Selectively Frozen Stylization

In this approach, the displacement matrix is immediately set to 0 once the vertices exceed a certain stress value resulting in no more vertex displacement in that region. Unlike the other approaches, selective freezing cannot use failure analysis (i.e., \( \mathbb{S}_{norm} \)) since once the failure criterion has been reached, subsequent iterations are likely to jump significantly past the failure point. Instead, while setting the stress threshold, we chose the maximum stress in the original model since the original model was structurally viable. This method is similar to that employed in Style2Fab where stylization is frozen in functional segments of the model.

\[ \text{mask}_{v_i} = \begin{cases} 0 & \text{if } s_{v_i} \geq \max(\mathbb{S}_{M_0}) \\ 1 & \text{if } s_{v_i} < \max(\mathbb{S}_{M_0}) \end{cases} \]

In summary, we control the per-vertex stylization in areas with increased stresses by creating a mask based on the simulation results. We normalize the displacement vector \( \mathbb{D} \) before applying it to the model \( M_i \) with the updated mask. We compare these different stylization control strategies in our technical evaluation, which evaluates how closely the desired style was approximated (i.e., style-loss) and if the model was structurally viable after stylization.

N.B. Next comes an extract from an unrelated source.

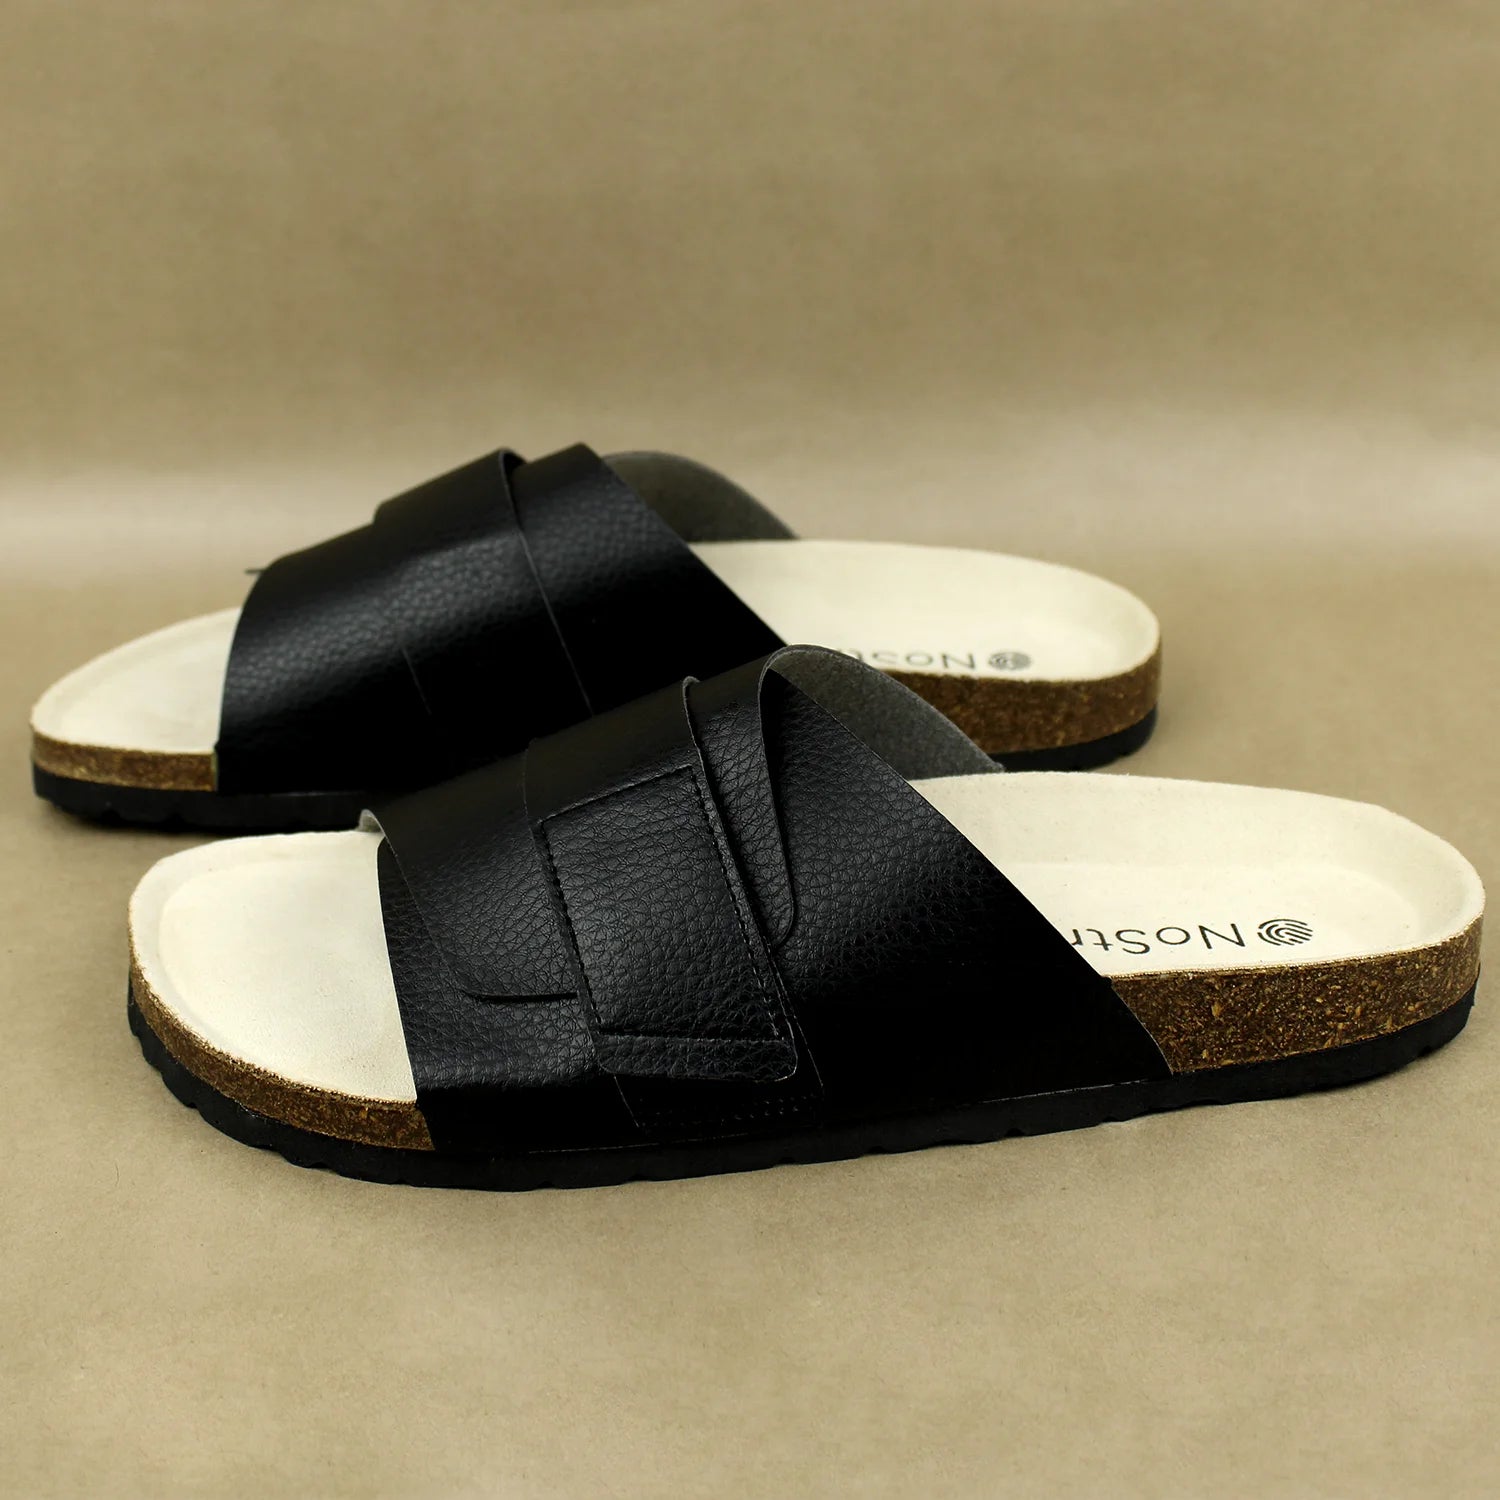 Elegant black cork sandals with adjustable straps, suitable for all-day comfort
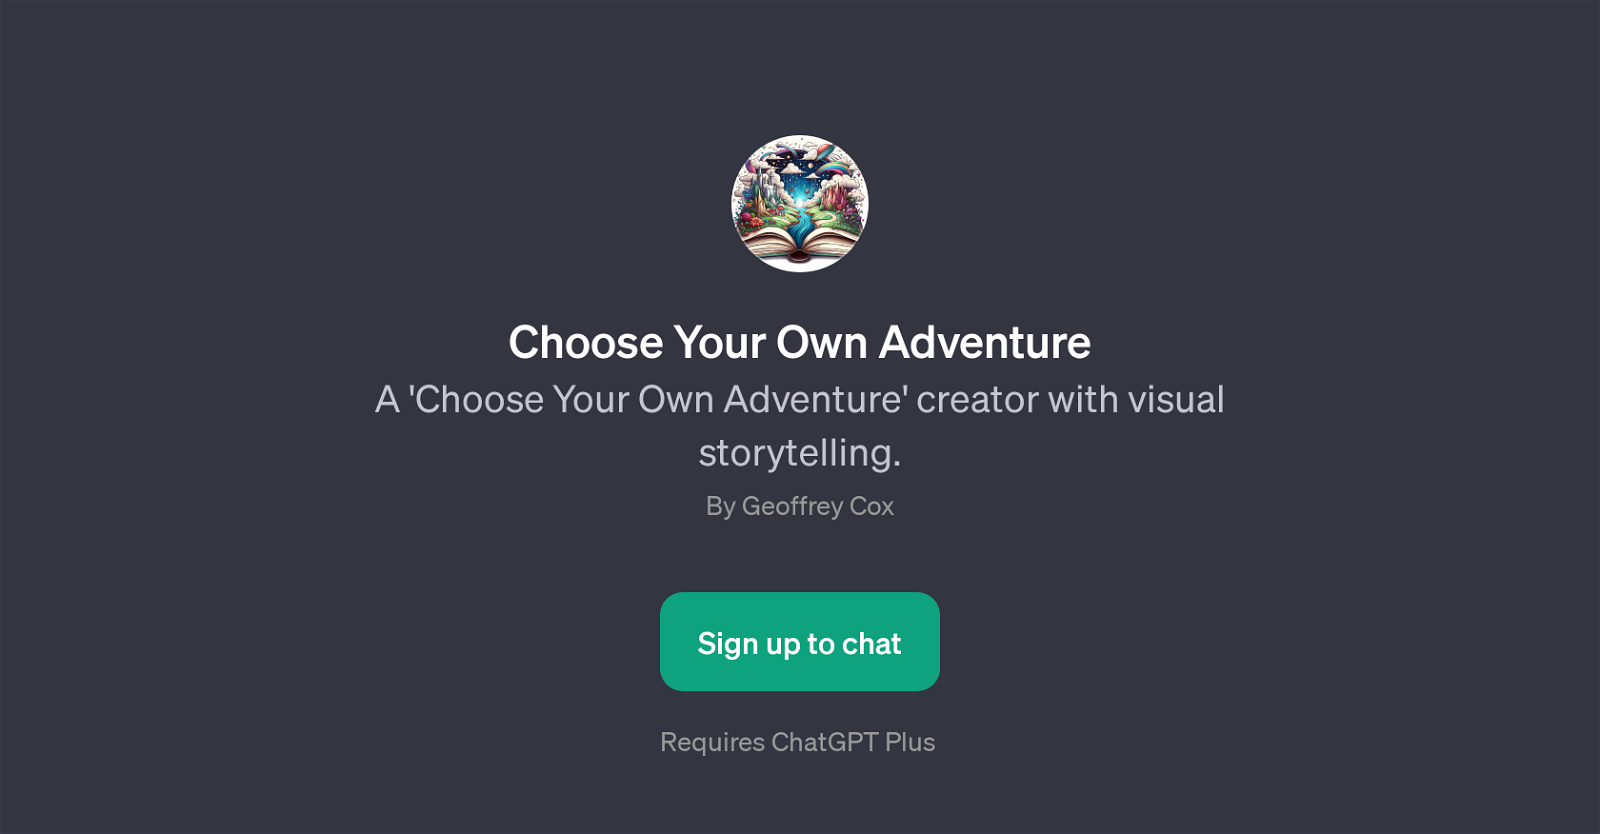 Choose Your Own Adventure website

ADAPTIVE FEA-SIMULATION SCHEDULING

Another challenge when trying to preserve the structural integrity of the model during stylization is to identify when feedback from the mechanical simulation will be most informative to the stylization process. A naive method would run a simulation at each iteration step of stylization. However, another important factor to consider for this integration is the total run-time of the combined system. FEA simulations are computationally intensive, and even though we leverage a GPU-accelerated simulation, running simulations at each iteration step is computationally prohibitive. We analyze the simulation run-time for stylized models and then discuss different scheduling strategies to efficiently run the simulation during stylization.

Differences in Stylization and Simulation Times

Ideally, FEA simulations would assess stress changes after each iteration of stylization. However, the run-time for a single FEA simulation is significantly more than that of one stylization iteration. Across the 30 models from our formative study dataset, one iteration of stylization with any style takes on average 2.67 seconds (std = 1.17), while the FEA simulation of the same models took an average of 4.61 minutes (std = 2.62). Since stylization runs for 200 iterations before convergence, simulating after each iteration increases the average run-time to 15.52 hours. Therefore, running FEA simulations at the same granularity as stylization is not feasible.

Thus, the challenge here was to find an efficient scheduling strategy that reduces overall runtime while controlling for stylization's impact on the 3D model's structural viability. In the next section, we describe a set of scheduling techniques for simulation that can be incorporated into the stylization process.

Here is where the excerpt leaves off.